Todos los ciudadanos deberían tener un entendimiento activo del entorno construido, independientemente de la edad, ocupación o formación. Cada uno de nosotros deberá tomar, en algún momento de su vida, una postura en torno a temas relacionados con el medio que nos rodea y, por tanto, tener una opinión sobre la calidad de nuestras propias vidas y las de los demás

Suvi Lindén, ministra de Cultura de Finlandia (1999-2002)

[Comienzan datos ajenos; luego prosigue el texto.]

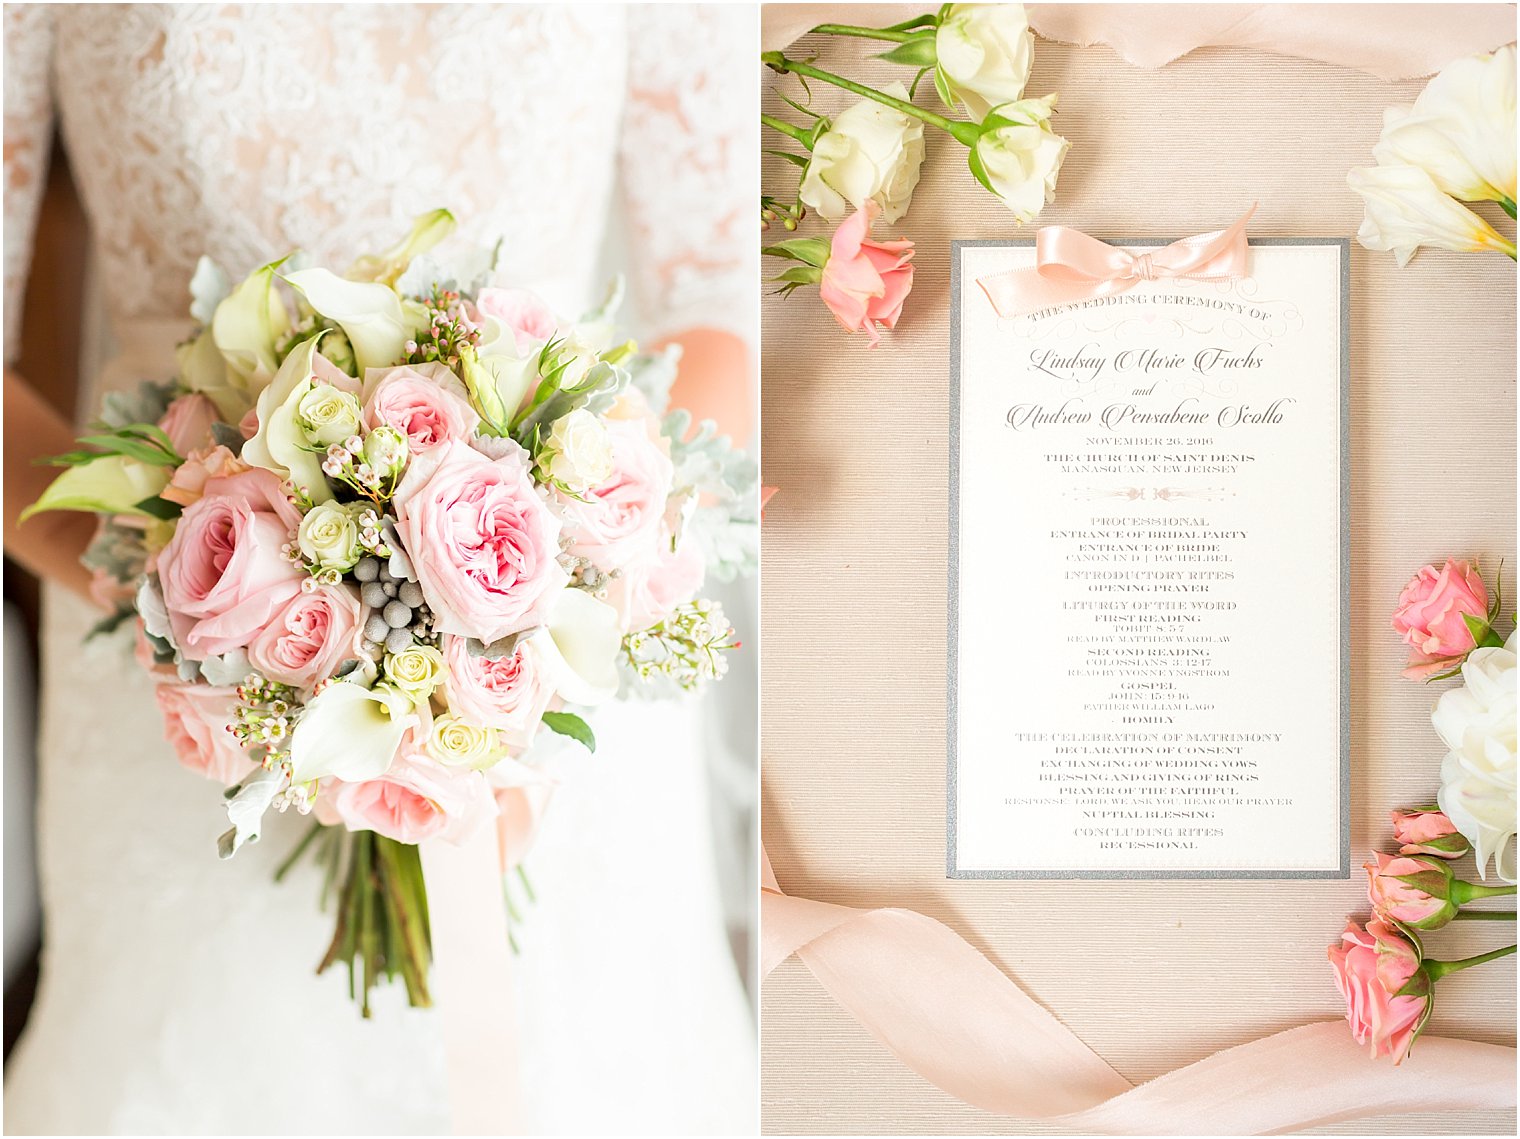 Wedding bouquet by Bogath Weddings and Events | Invitation by Holland Designs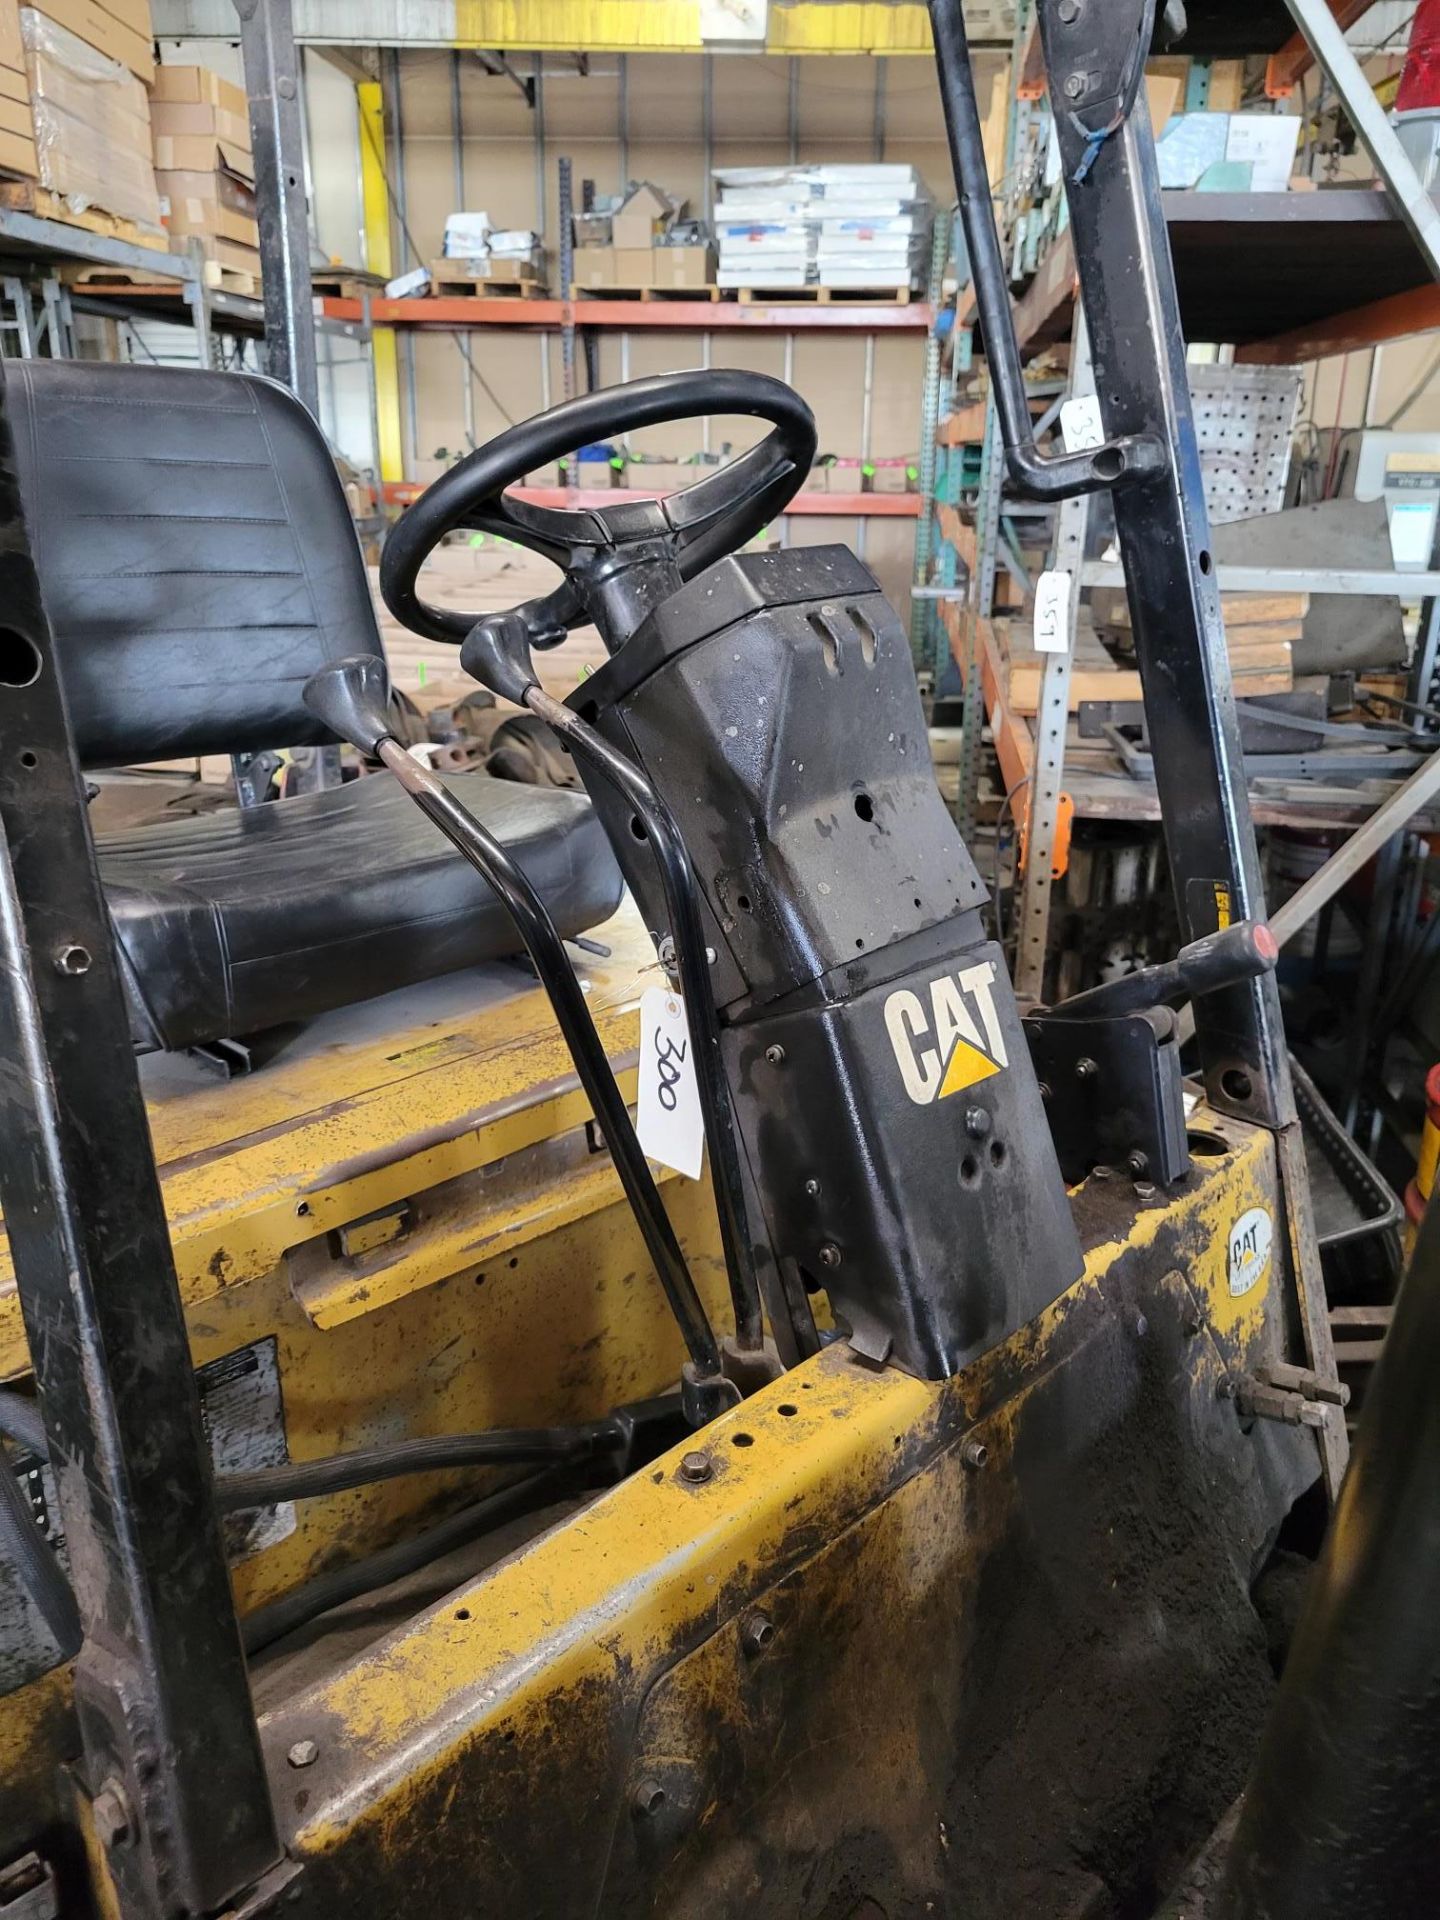 Caterpillar forklift 4500 lbs capacity - Image 2 of 25

arqutectura-infancia3Imagen perteneciente a los talleres organizados por el colectivo Maushaus

En los meses de mayo y julio de 2014 tuvieron lugar dos encuentros sobre arquitectura e infancia en Madrid y Barcelona. El primero de ellos coincidió con la exposición Playgrounds. Reinventar la plaza en el Centro de Arte Reina Sofía, y el segundo con la celebración del encuentro de Arquitecturas Colectivas BCN 2014 La ciudad no se vende, se vive. Como resultado se ha elaborado este Manifiesto sobre educación, arquitectura e infancia.

… ¿Y por qué nos interesa a nosotros: emoCreativos?… pues porque pone en valor aquellas fortalezas y cualidades que queremos para los niños de hoy: niños curiosos e inquietos, críticos y autónomos, que investiguen, experimenten, pregunten, desmonten certezas y construyan soluciones.

Porque los niños pertenecen a una familia, a un grupo, a una escuela pero también a un lugar. Un lugar que les “educa” y que les interpela, del que respiran y que les reclama su participación.

Manifiesto sobre educación, arquitectura e infancia

1. Respetar la cultura de la infancia, su tiempo, su ritmo

Vosotros tenéis relojes, nosotros tenemos tiempo… Moussa Ag Assarid

Respetar el ritmo de los niños, adaptando el tiempo del adulto al del niño para favorecer el desarrollo de sus capacidades. Dar tiempo para que puedan experimentar y descubrir su entorno. Permitir la pérdida del tiempo en lugar de organizarles de forma rígida su tiempo.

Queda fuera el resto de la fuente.